1. The embedding matrix
2. Different matrices used to compute attention scores
3. The matrices related to the feed-forward neural networks
4. The linear matrix used to make the logits vector

Matrices in 2–4 are weight matrices, and there are additional bias terms related to each output that are also updated during training.

Note: The linear matrix and embedding matrix are sometimes transposes of one another. That is the case for the Attention is All You Need paper; the technique known as “weight-tying”. The variety of parameters to coach are thus reduced.

This represents one epoch of coaching. Training comprises multiple epochs, with the number depending on the scale of the datasets, size of the models, and the model’s task.

As we mentioned earlier, the issues with the RNNs, CNNs, LSTMs and more include the shortage of parallel processing, their sequential architecture, and inadequate capturing of long-term dependencies. The transformer architecture above solves these problems as…

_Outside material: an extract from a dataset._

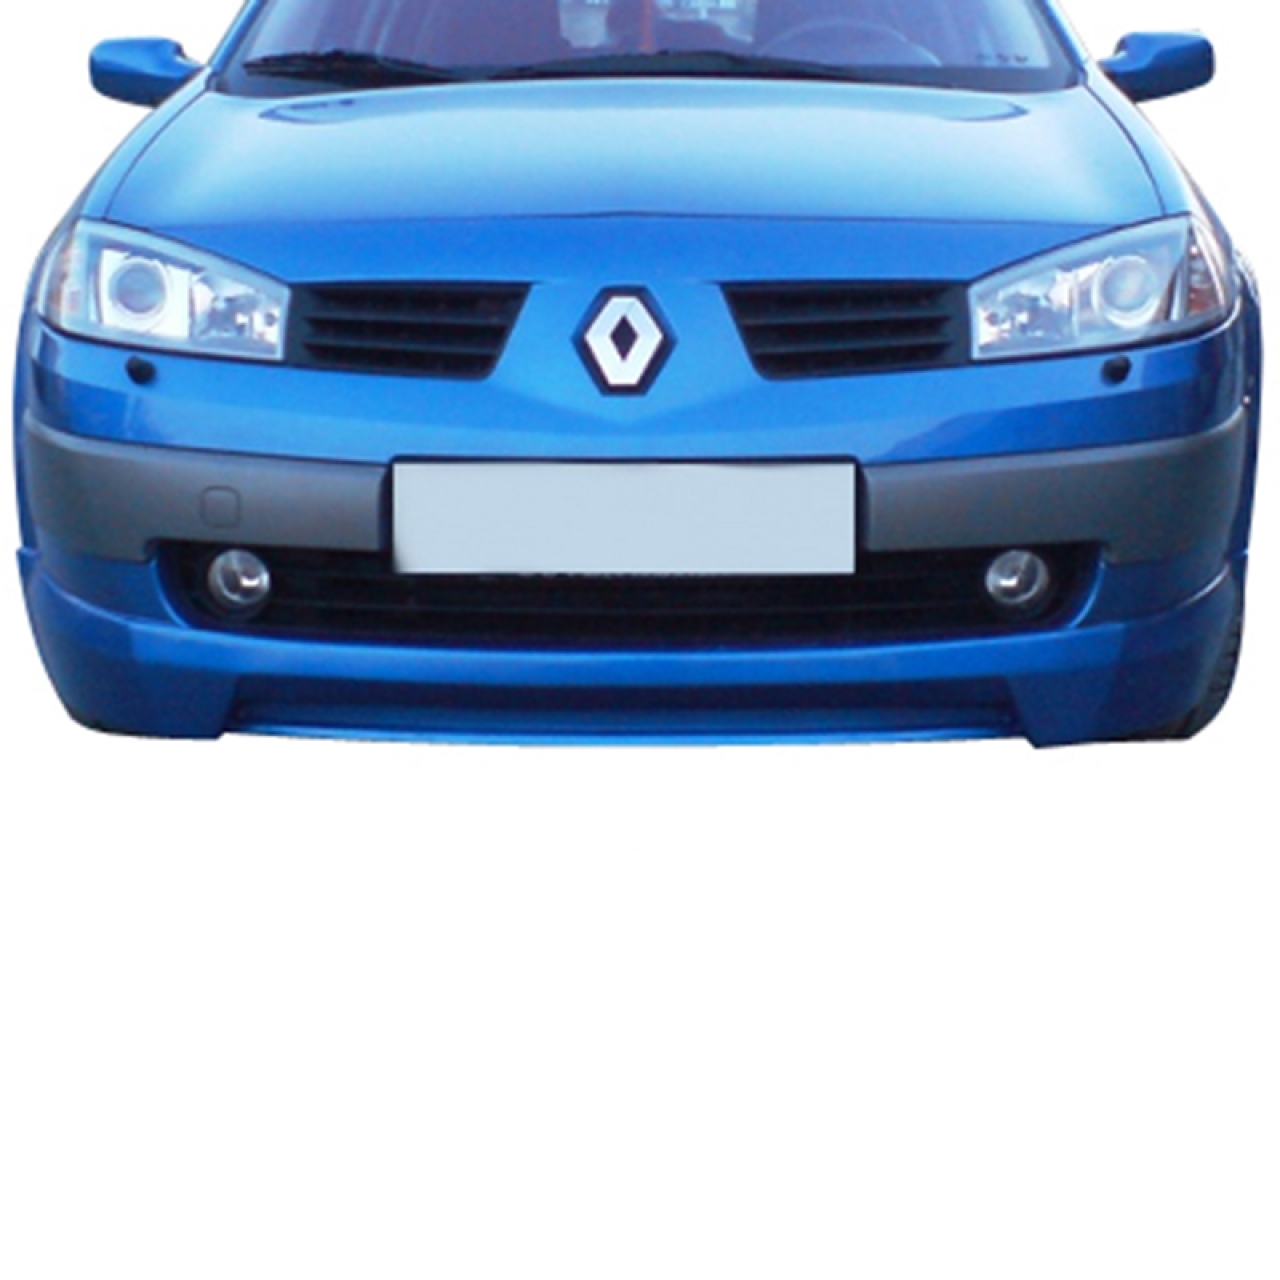 Renault Megane 2 HB Ön Tampon Eki Boyalı Fiyat ve Modelleri

1. The Attention mechanism allows the entire sequence to be processed in parallel slightly than sequentially. With self-attention, each token within the input sequence attends to each other token within the input sequence (of that mini batch, explained next). This captures all relationships at the identical time, slightly than in a sequential manner.
2. Mini-batching of input inside each epoch allows parallel processing, faster training, and easier scalability of the model. In a big text filled with examples, mini-batches represent a smaller collection of those examples. The examples within the dataset are shuffled before being put into mini-batches, and reshuffled in the beginning of every epoch. Each mini-batch is passed into the model at the identical time.
3. By utilizing positional encodings and batch processing, the order of tokens in a sequence is accounted for. Distances between tokens are also accounted for equally no matter how far they’re, and the mini-batch processing further ensures this.

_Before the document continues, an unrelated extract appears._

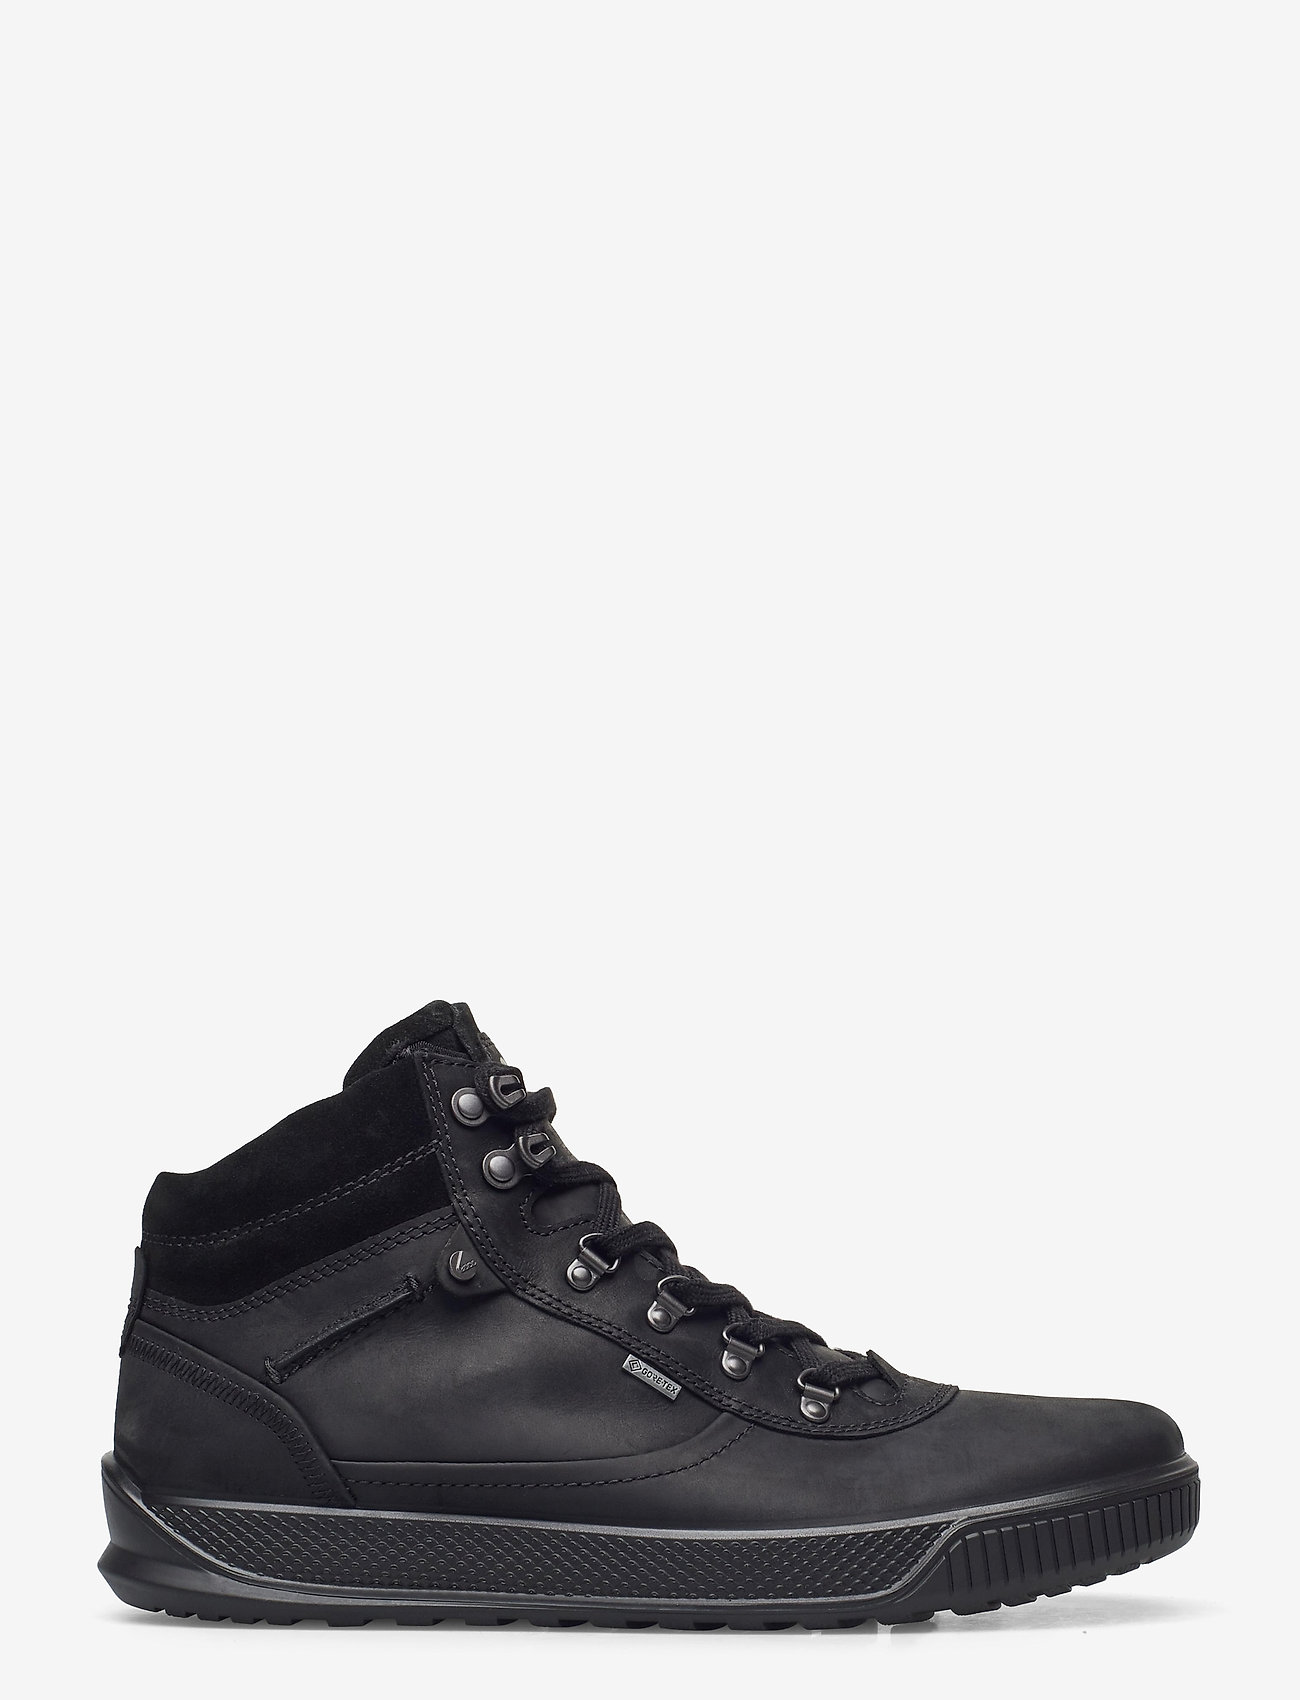 ECCO - BYWAY TRED - höga sneakers - black/black - 1

As shown within the paper, the outcomes were improbable.

Welcome to the world of transformers.

The transformer architecture was introduced by the researcher Ashish Vaswani in 2017 while he was working at Google Brain. The Generative Pre-trained Transformer (GPT) was introduced by OpenAI in 2018. The first difference is that GPT’s don’t contain an encoder stack of their architecture. The encoder-decoder makeup is helpful when were directly converting one sequence into one other sequence. The GPT was designed to deal with generative capabilities, and it did away with the decoder while keeping the remainder of the components similar.

The GPT model is pre-trained on a big corpus of text, unsupervised, to learn relationships between all words and tokens⁵. After fine-tuning for various use cases (corresponding to a general purpose chatbot), they’ve proven to be extremely effective in generative tasks.

Example

While you ask it a matter, the steps for prediction are largely the identical as a daily transformer. For those who ask it the query “How does GPT predict responses”, these words are tokenised, embeddings generated, attention scores computed, probabilities of the following word are calculated, and a token is chosen to be the following predicted token. For instance, the model might generate the response step-by-step, starting with “GPT predicts responses by…” and continuing based on probabilities until it forms a whole, coherent response. (guess what, that last sentence was from chatGPT).